> _RAW DATA_
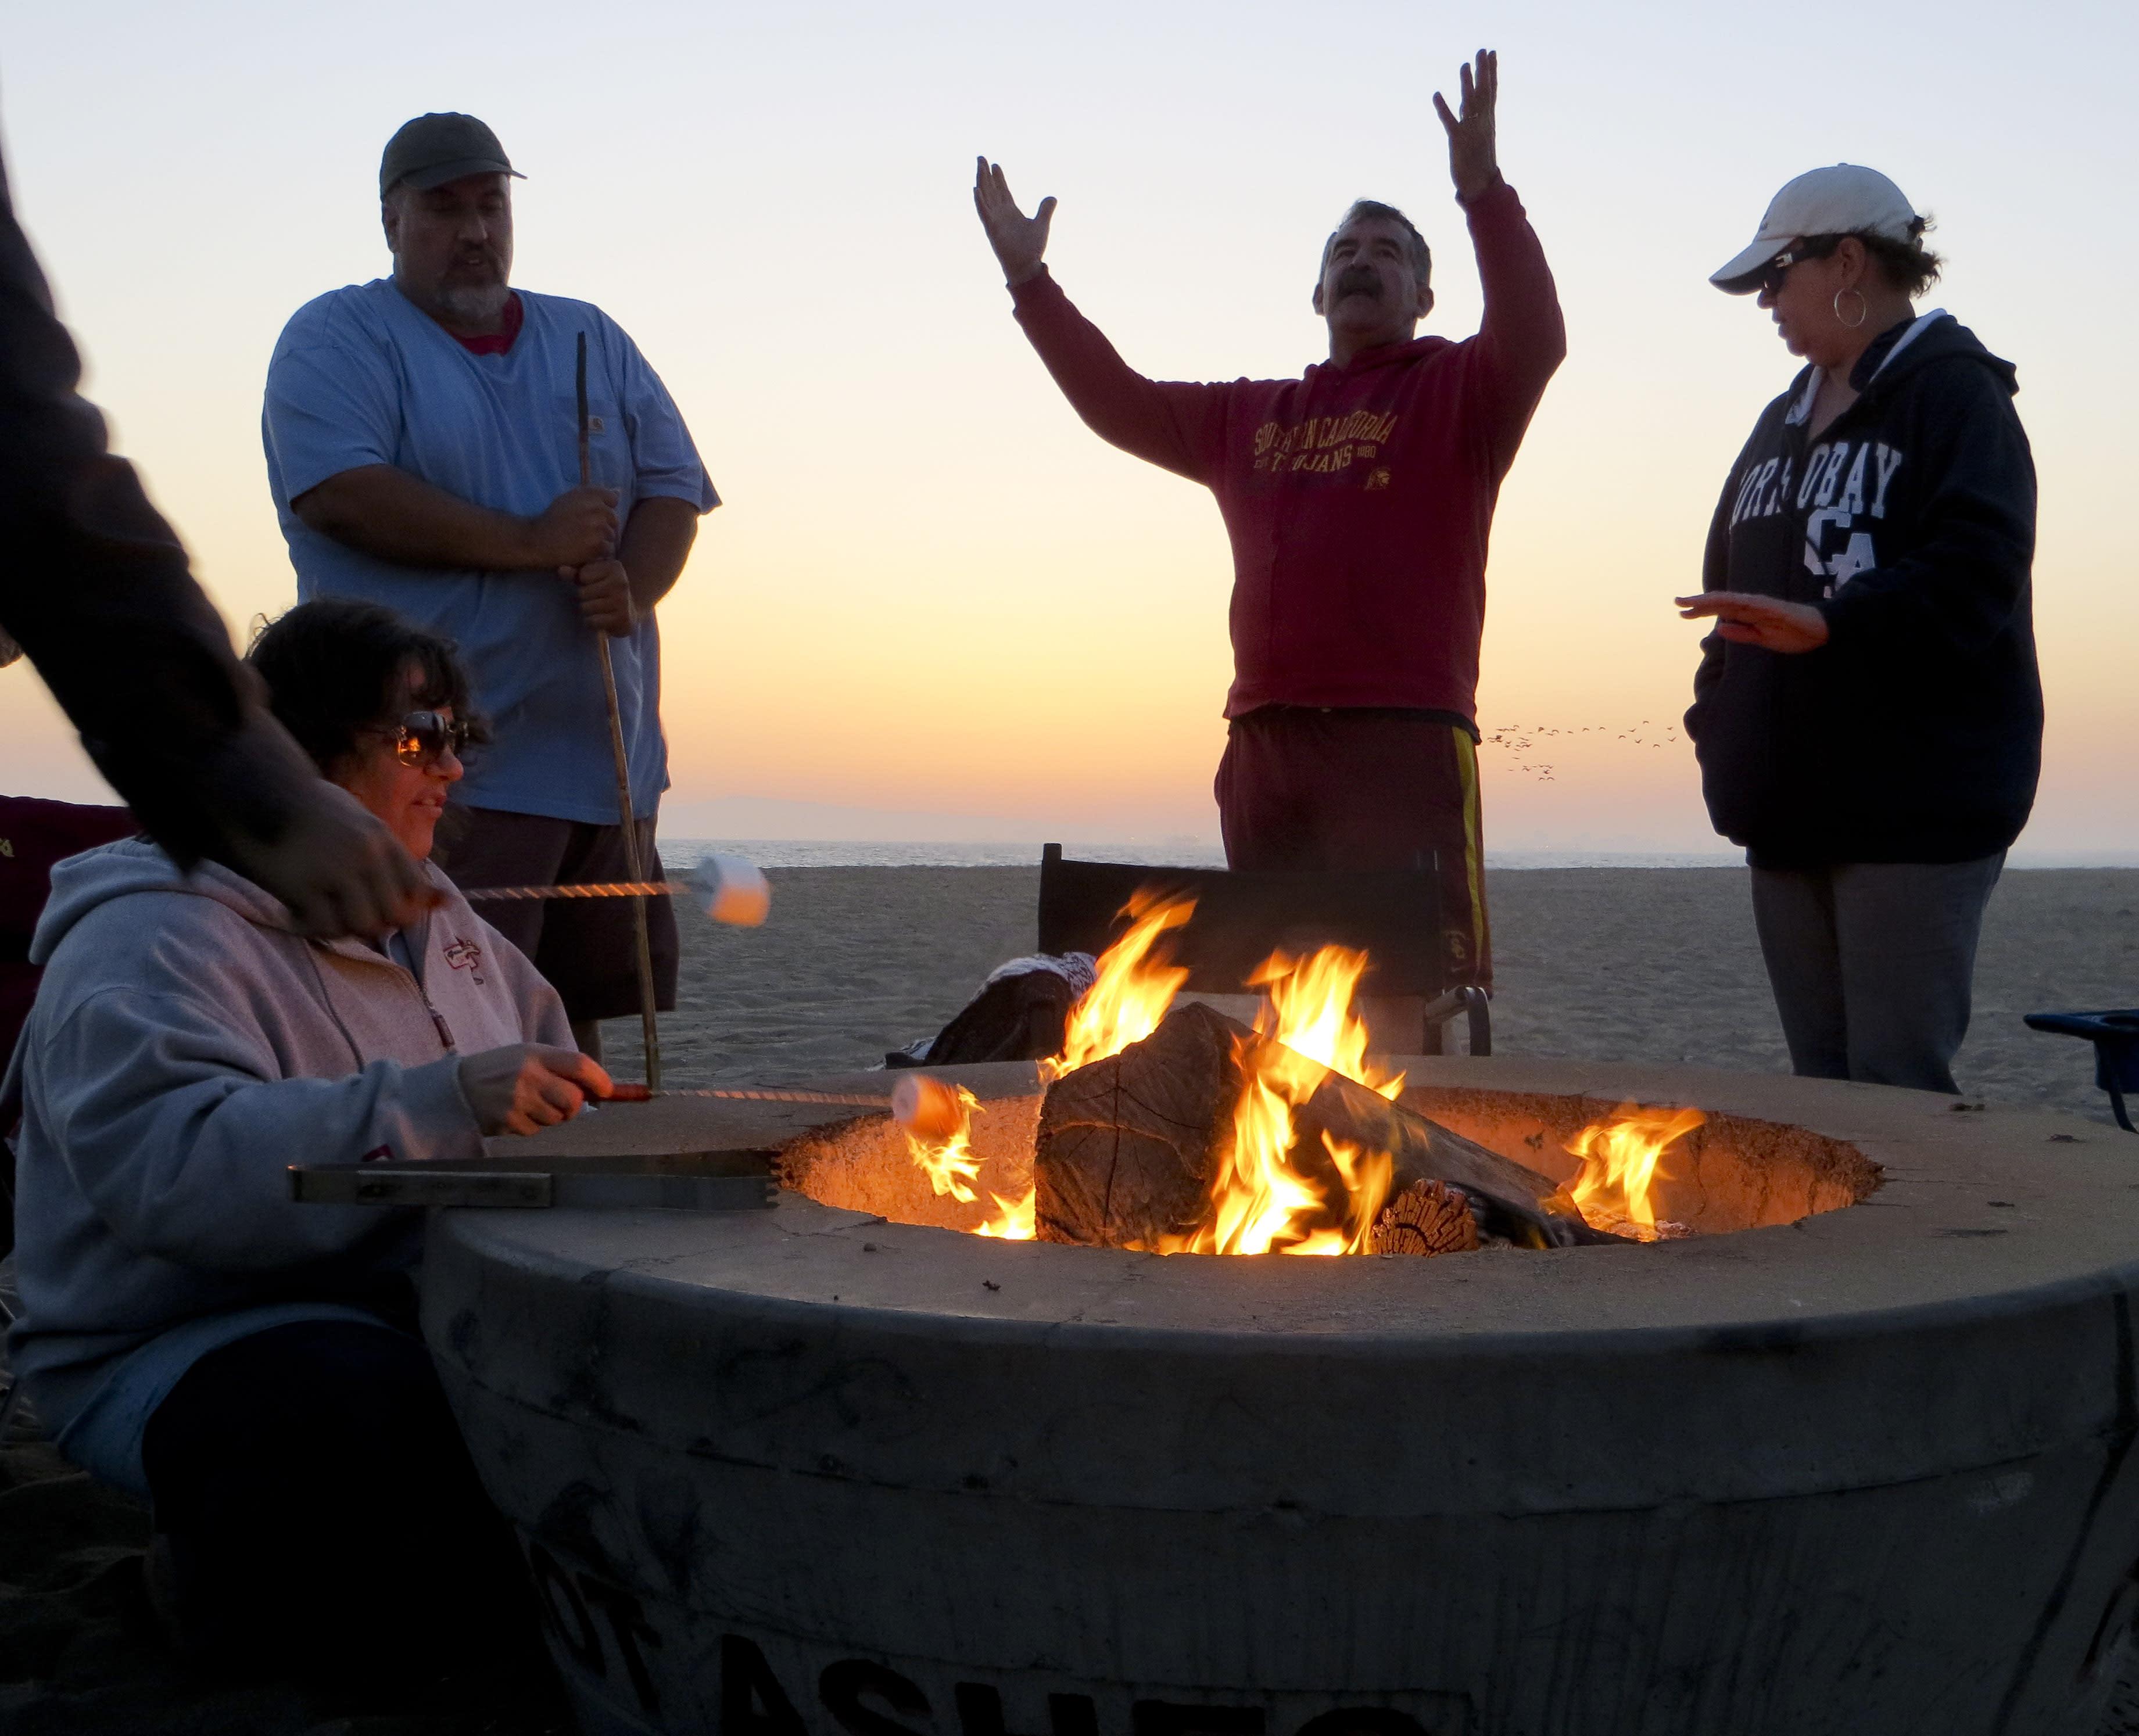 Beach bonfire spat s hot in Southern California
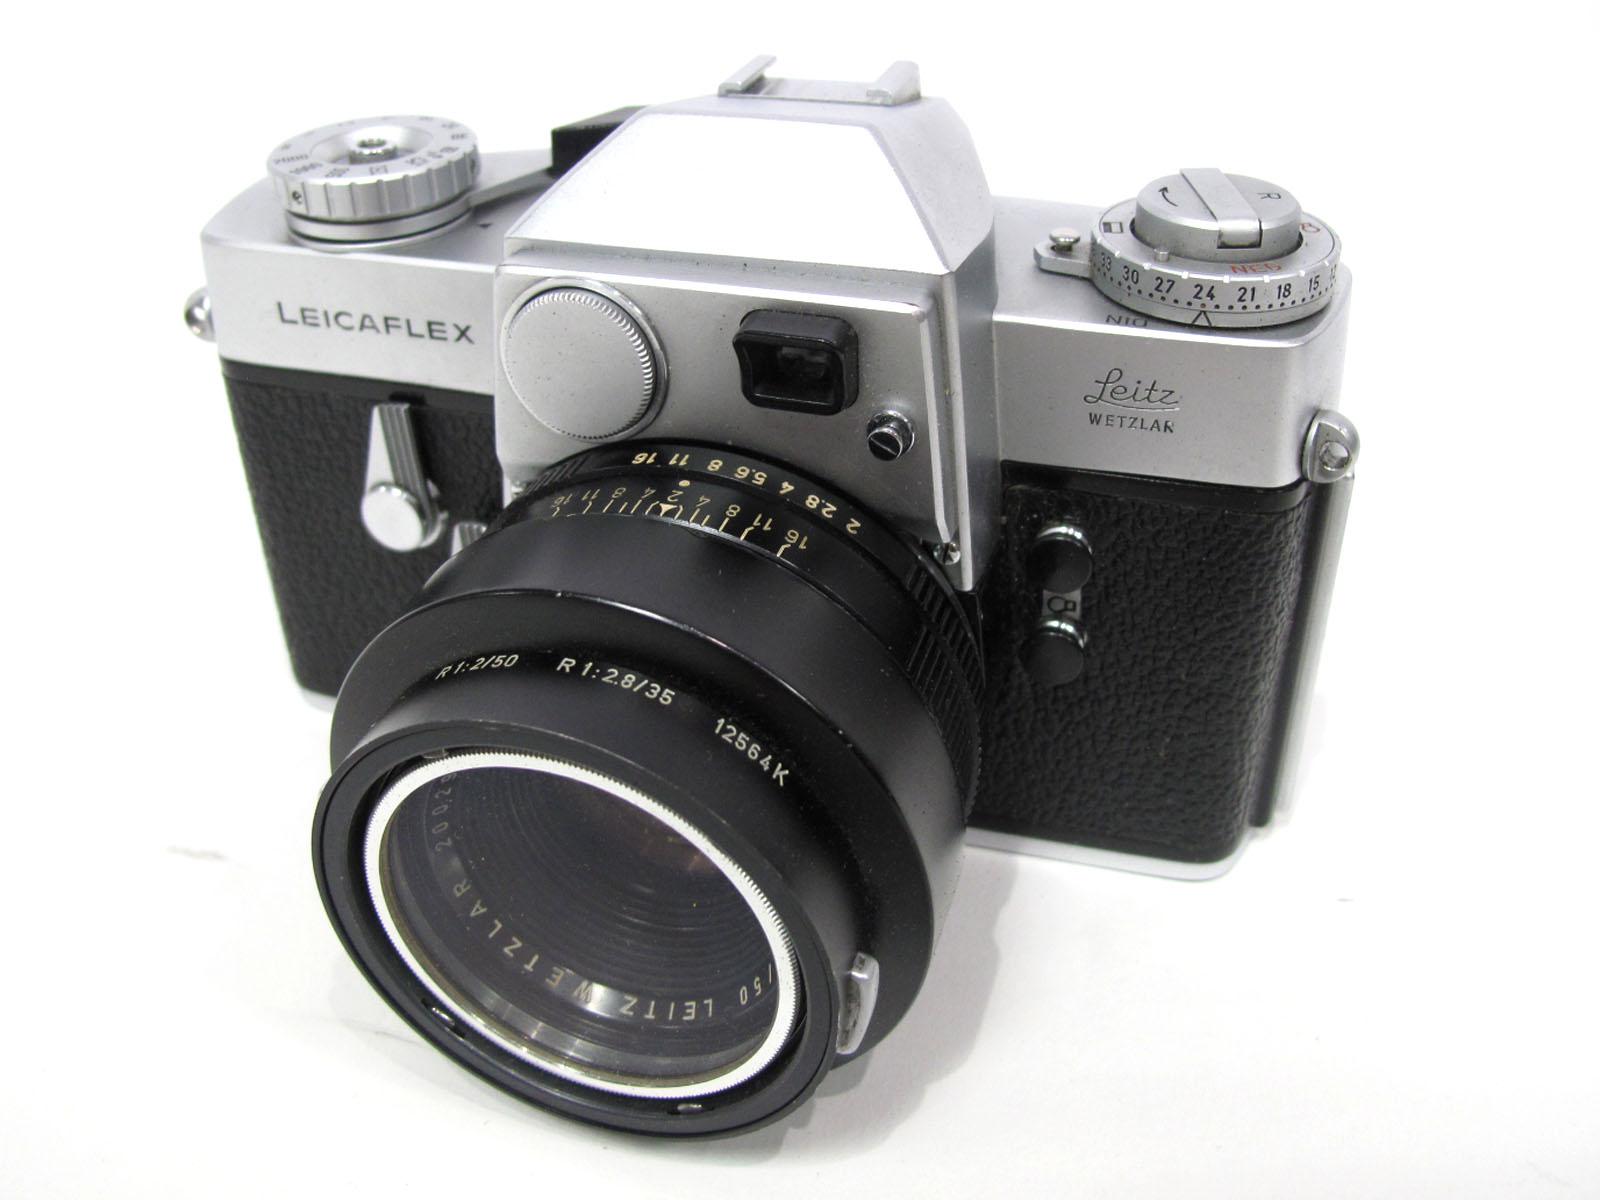 Leicaflex Manual Camera, with Leitz Wetzlar Summicron - R 1:2/50 lens in a black case.
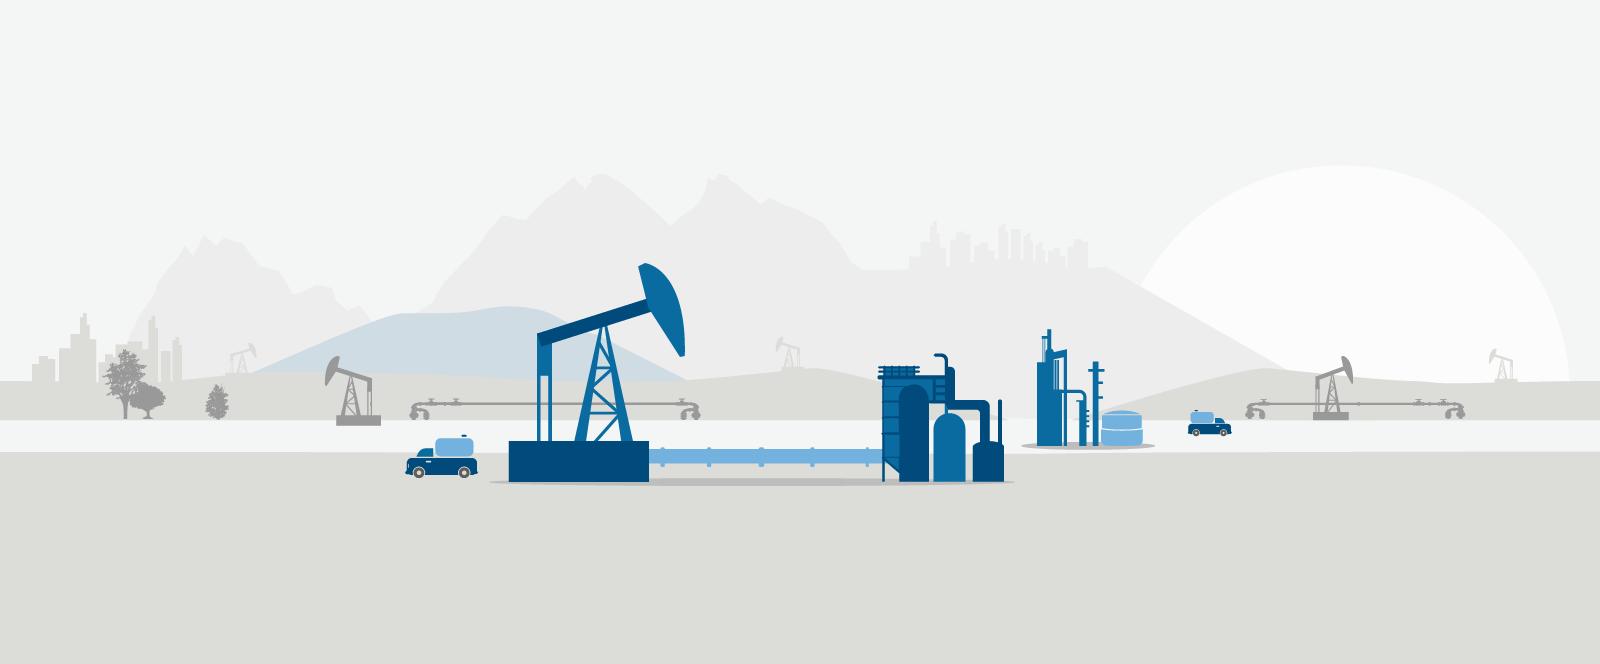 Olio e gas
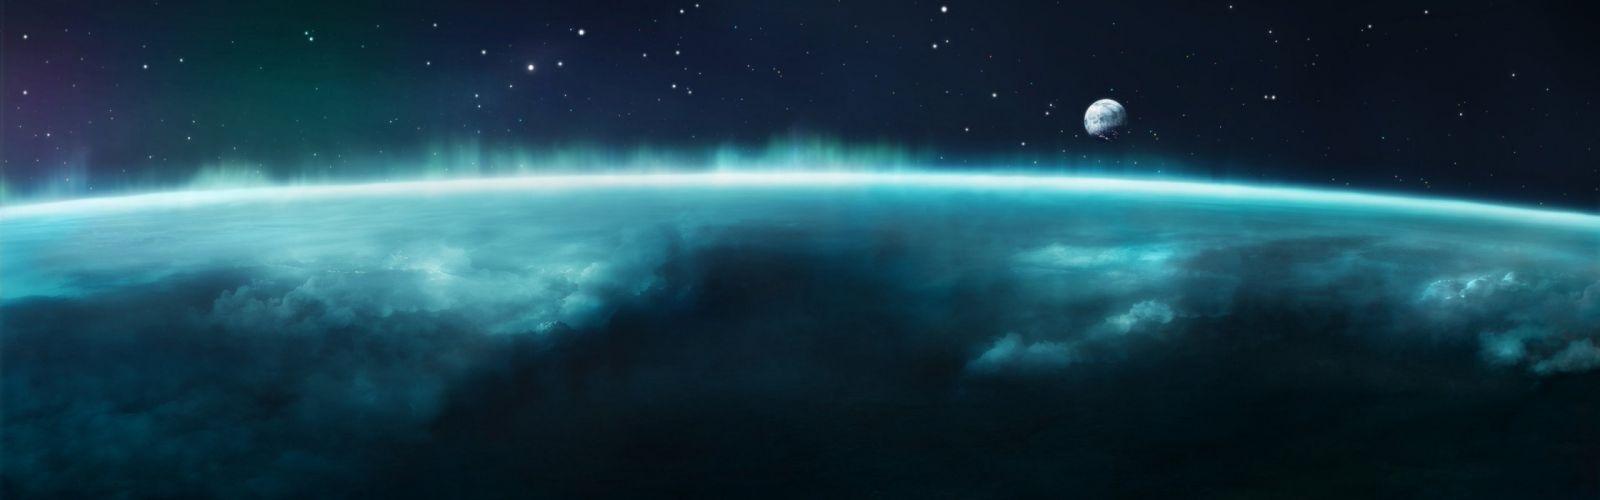 outer space planets aurora borealis wallpaper

> _TASK DETAILS_
Take every line of the material and copy it exactly, leaving out the pictures.

> _PROBLEM SOLUTION_
 Beach bonfire spat s hot in Southern California
 Leicaflex Manual Camera, with Leitz Wetzlar Summicron - R 1:2/50 lens in a black case.
 Olio e gas
 outer space planets aurora borealis wallpaper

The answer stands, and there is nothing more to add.